Geography
- Location: Achimota, Okaikwei North Municipal District, Greater Accra Region, Ghana

Organisation
- Care system: Public - Ghana Health Service

Services
- Emergency department: Yes

Links
- Website: Achimota Hospital

= Achimota Hospital =

Hospital in Ghana

Achimota Hospital (also known as Achimota Government Hospital, or Achimota District Hospital, or Achimota Municipal Hospital) is a healthcare facility located in Achimota, a suburb of Accra in the Okaikoi North District in the Greater Accra Region of Ghana. The hospital serves more than 10 communities which includes Achimota, Kissieman, Ofankor, Pokuase, Haatso, Lapaz, Dome and Amasaman.

== History ==
The hospital was established in 1927 by the Achimota School authorities after the establishment of the school in 1917.

As at 2015, the Disease Control officer was Mr Michael Alexander Garr and the Administrator of the hospital was Mr Atindaana N. Nsobila. The Medical Superintendent of the hospital was Dr Mildred B. Kumassah.

As at 2020, the Acting Medical Superintendent of the hospital was Dr Salamatu Attah Nantogma.
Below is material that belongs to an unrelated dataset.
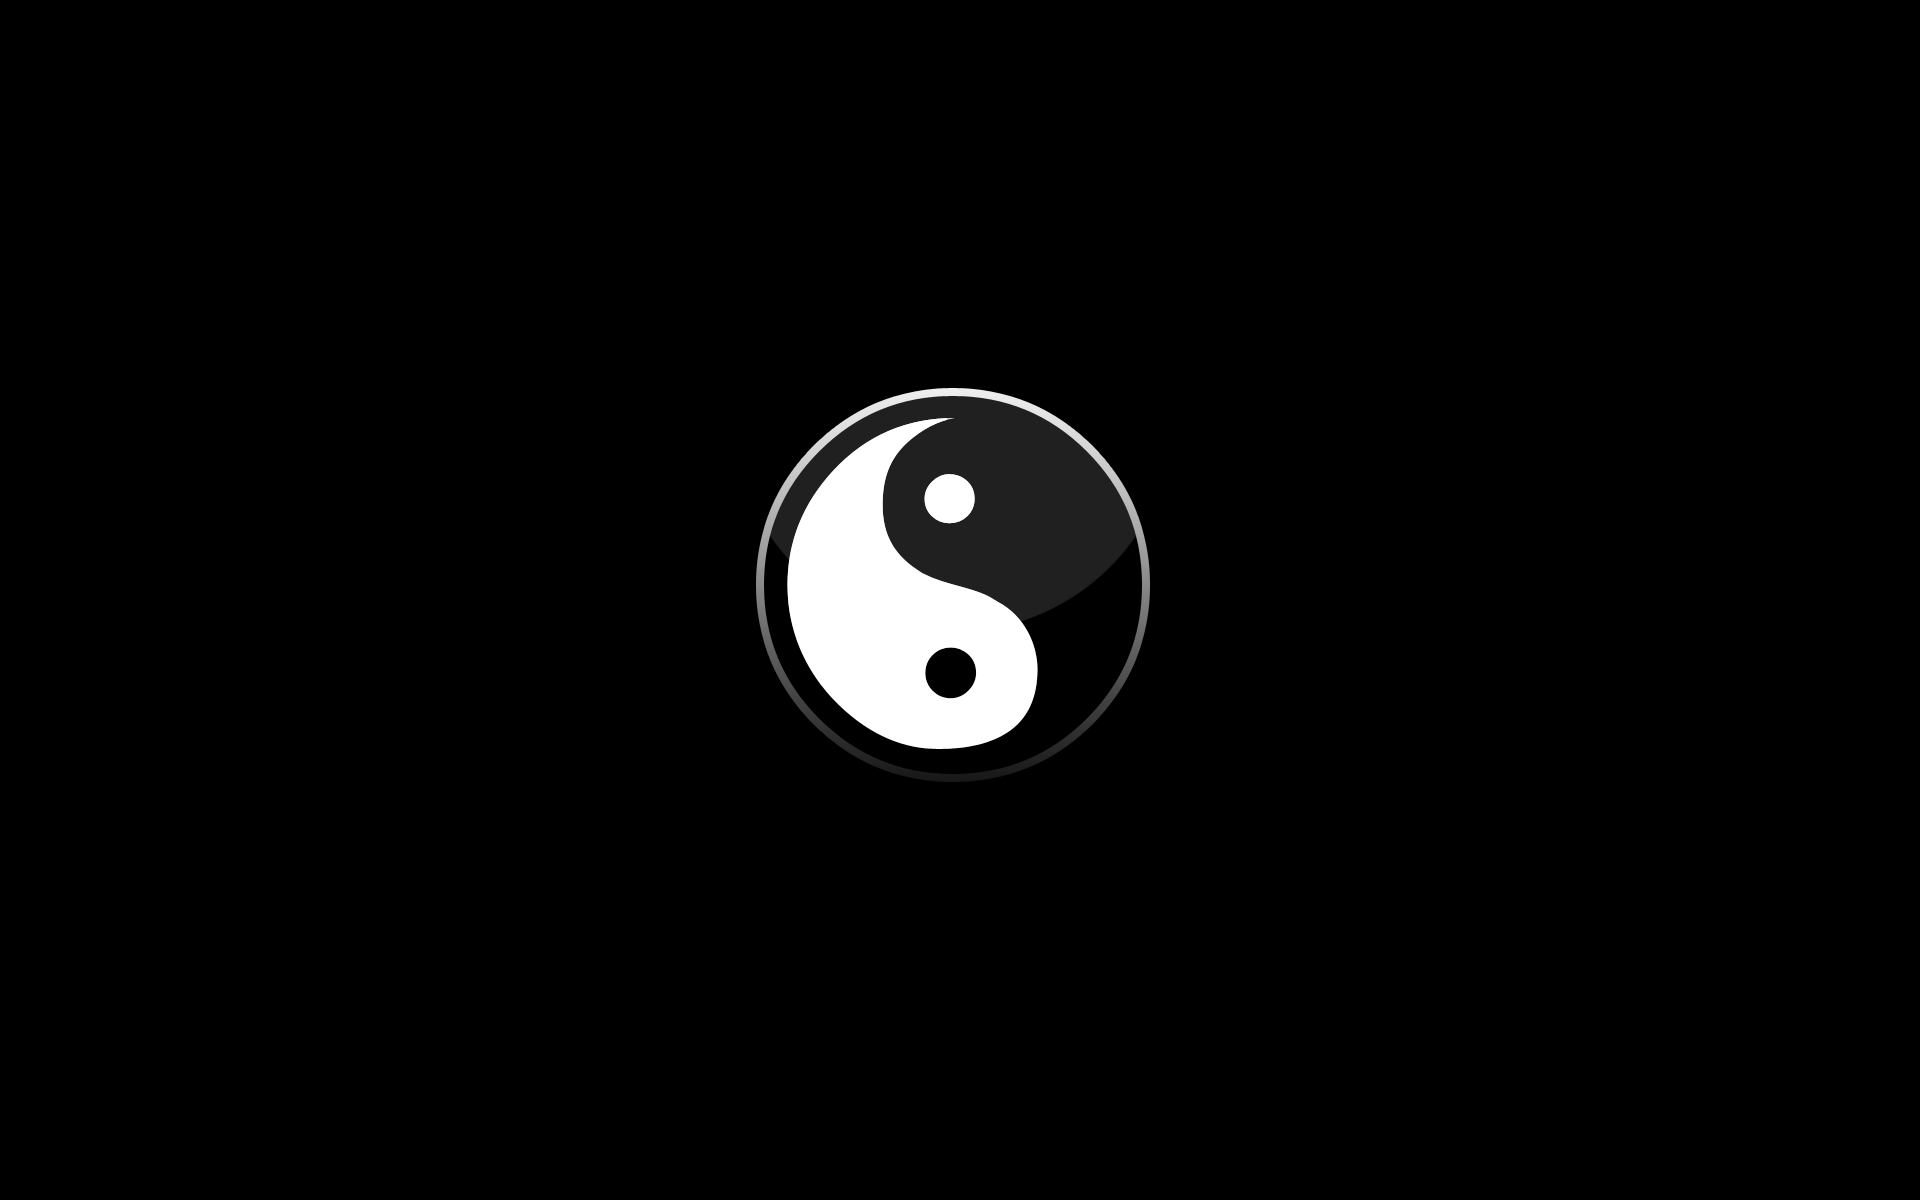 yin yang wallpaper hd, yin yang images free download
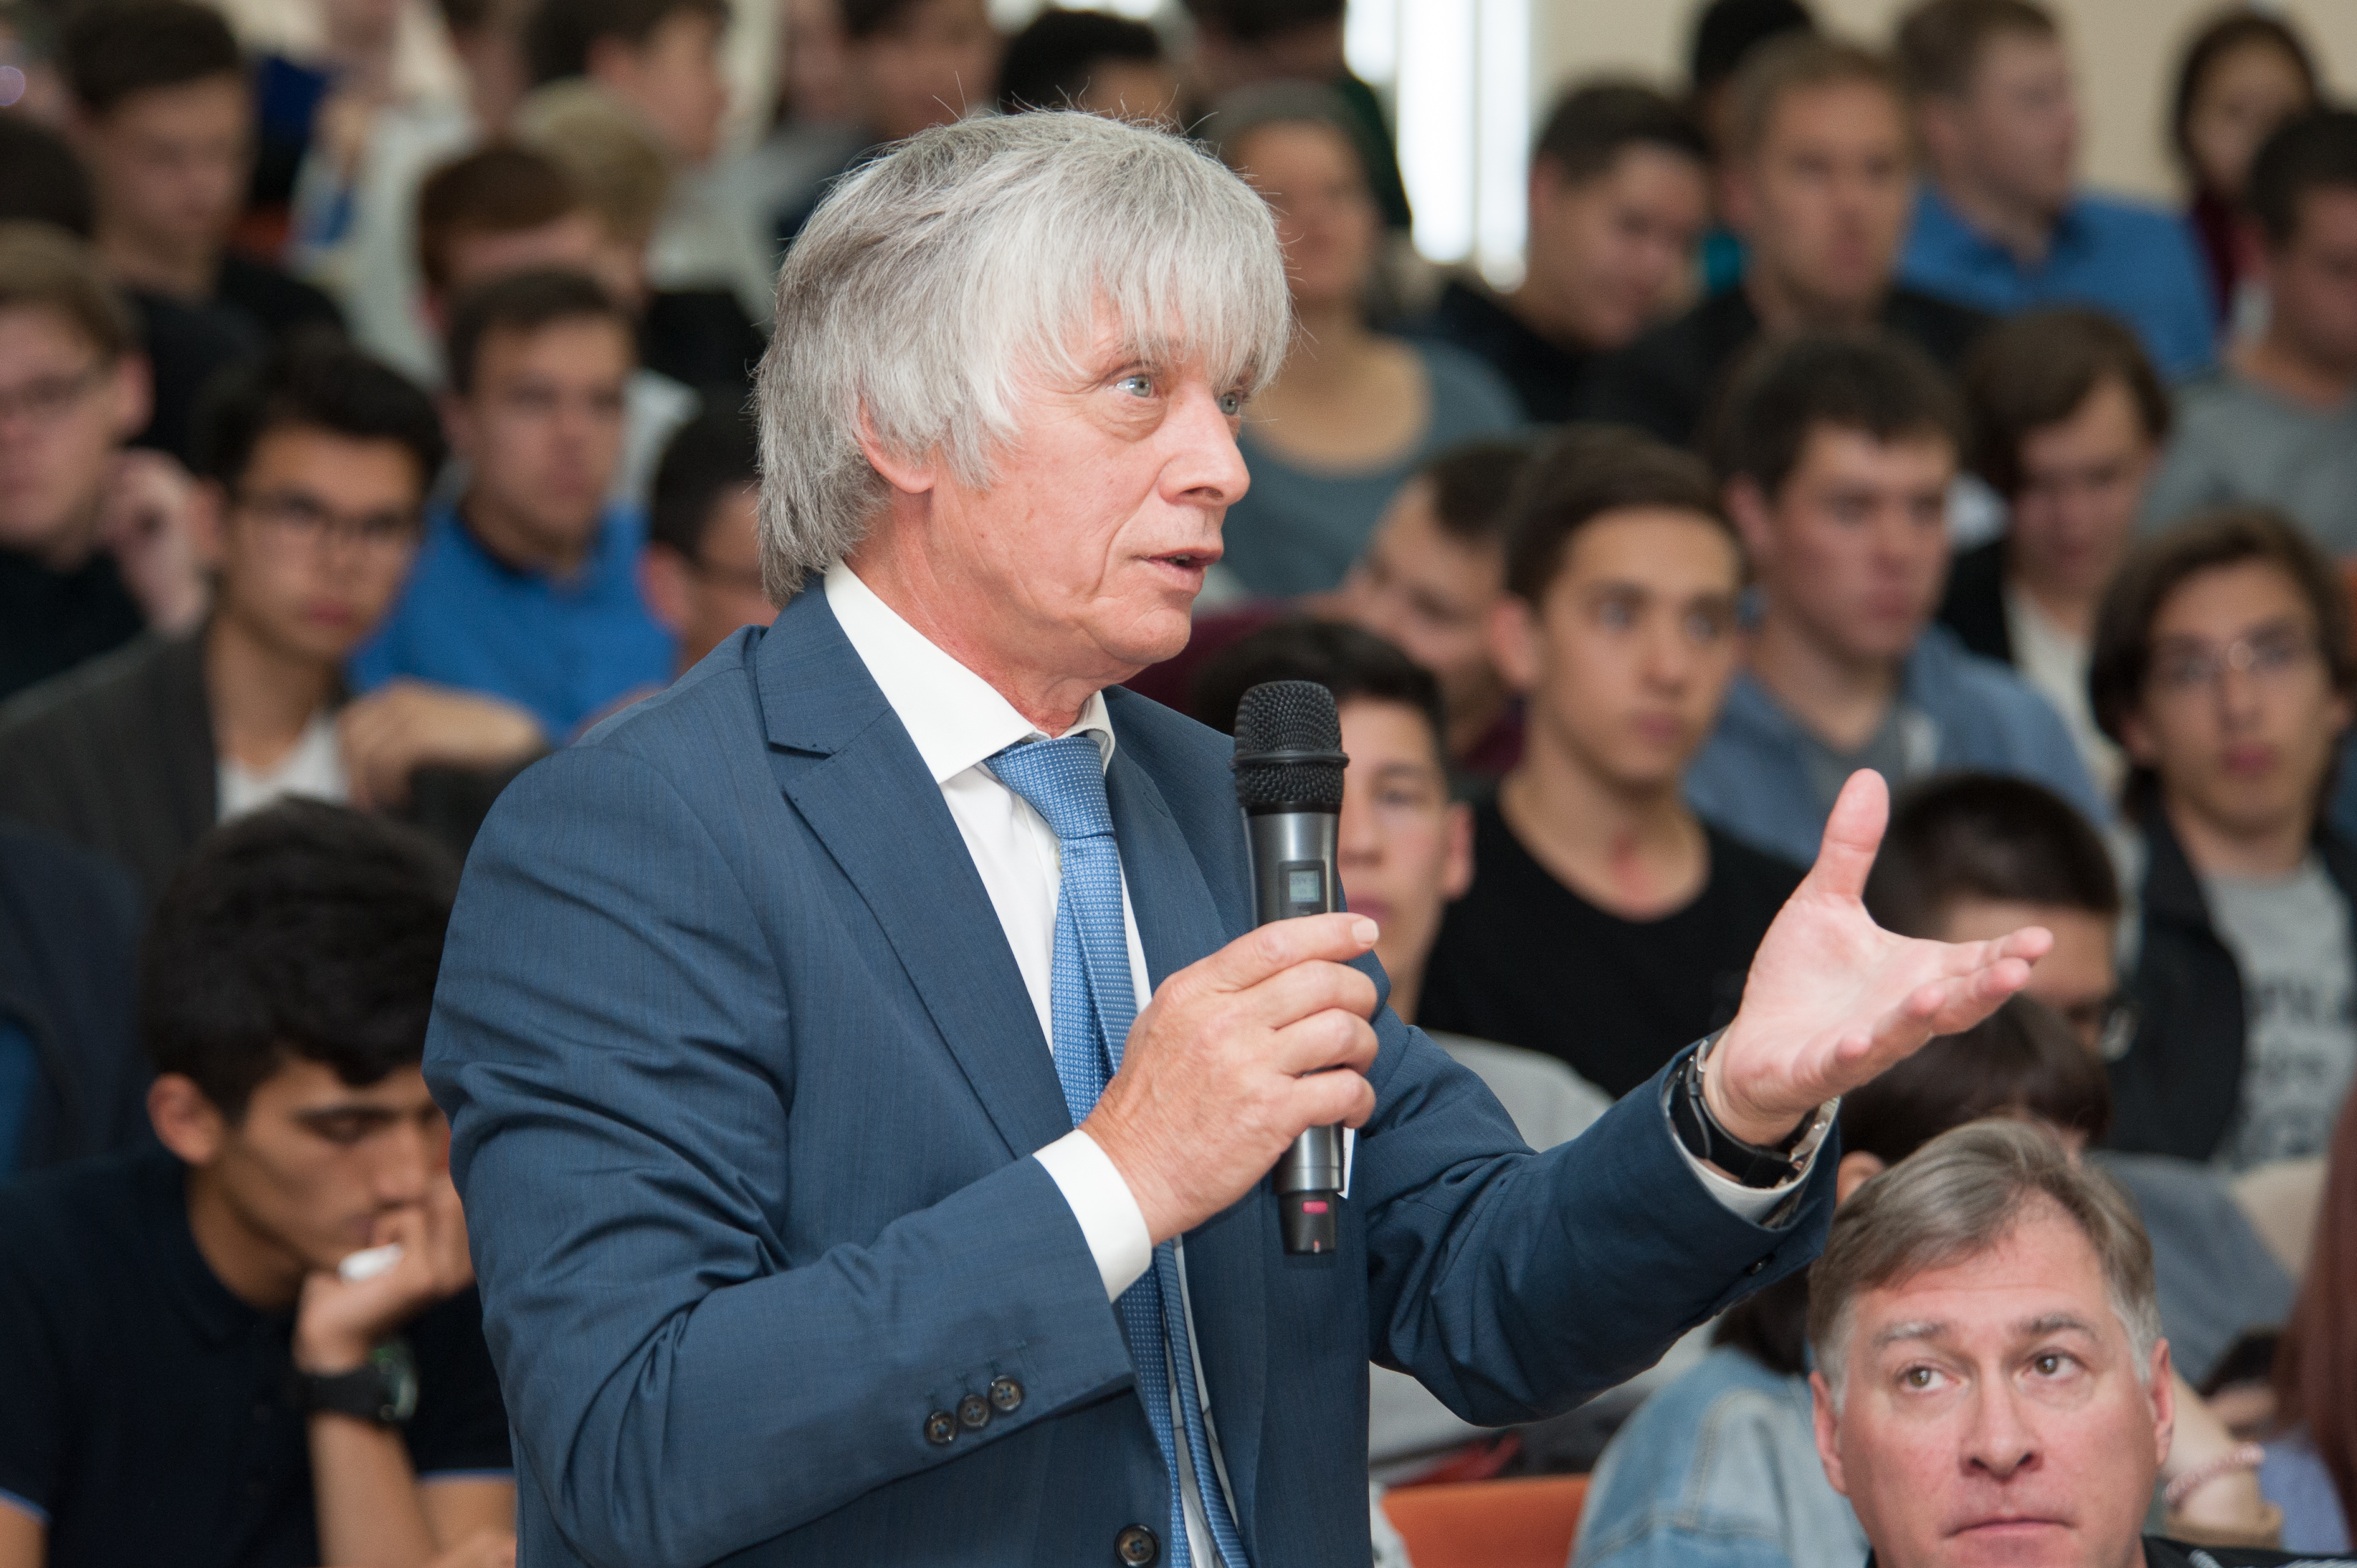 Plenary discussion, Prof. Evgeny Antipov (Lomonosov Moscow State University)

As at 2025, the Administrator of the hospital was Bernard Fiifi Polley.

== Facilities ==
The hospital has the Children's Outpatient Department, the general OPD and washrooms. It also has an ultramodern emergency block with male, female and children wards, a paediatric unit, a pharmacy, doctor and nurse rest room and an accounts office.

== Controversy ==
In September 2021, Akosua Agyapong allegedly accused a doctor at the hospital of delays leading to the death of Nana Ampadu.

== Initiative ==
In 2025, the hospital partnered with Reflo Company Limited to screen and educate women on cervical cancer.

== Donations ==
In 2020, the Melcom Care Foundation donated office furniture to the hospital.

In 2023, Mr. Mac-Reuben Kumah, the Chief Executive Officer and Managing Director of G7 Security Systems Limited donated items to the hospital.

In 2024, SHEROES Global donated items to newborns at the hospital.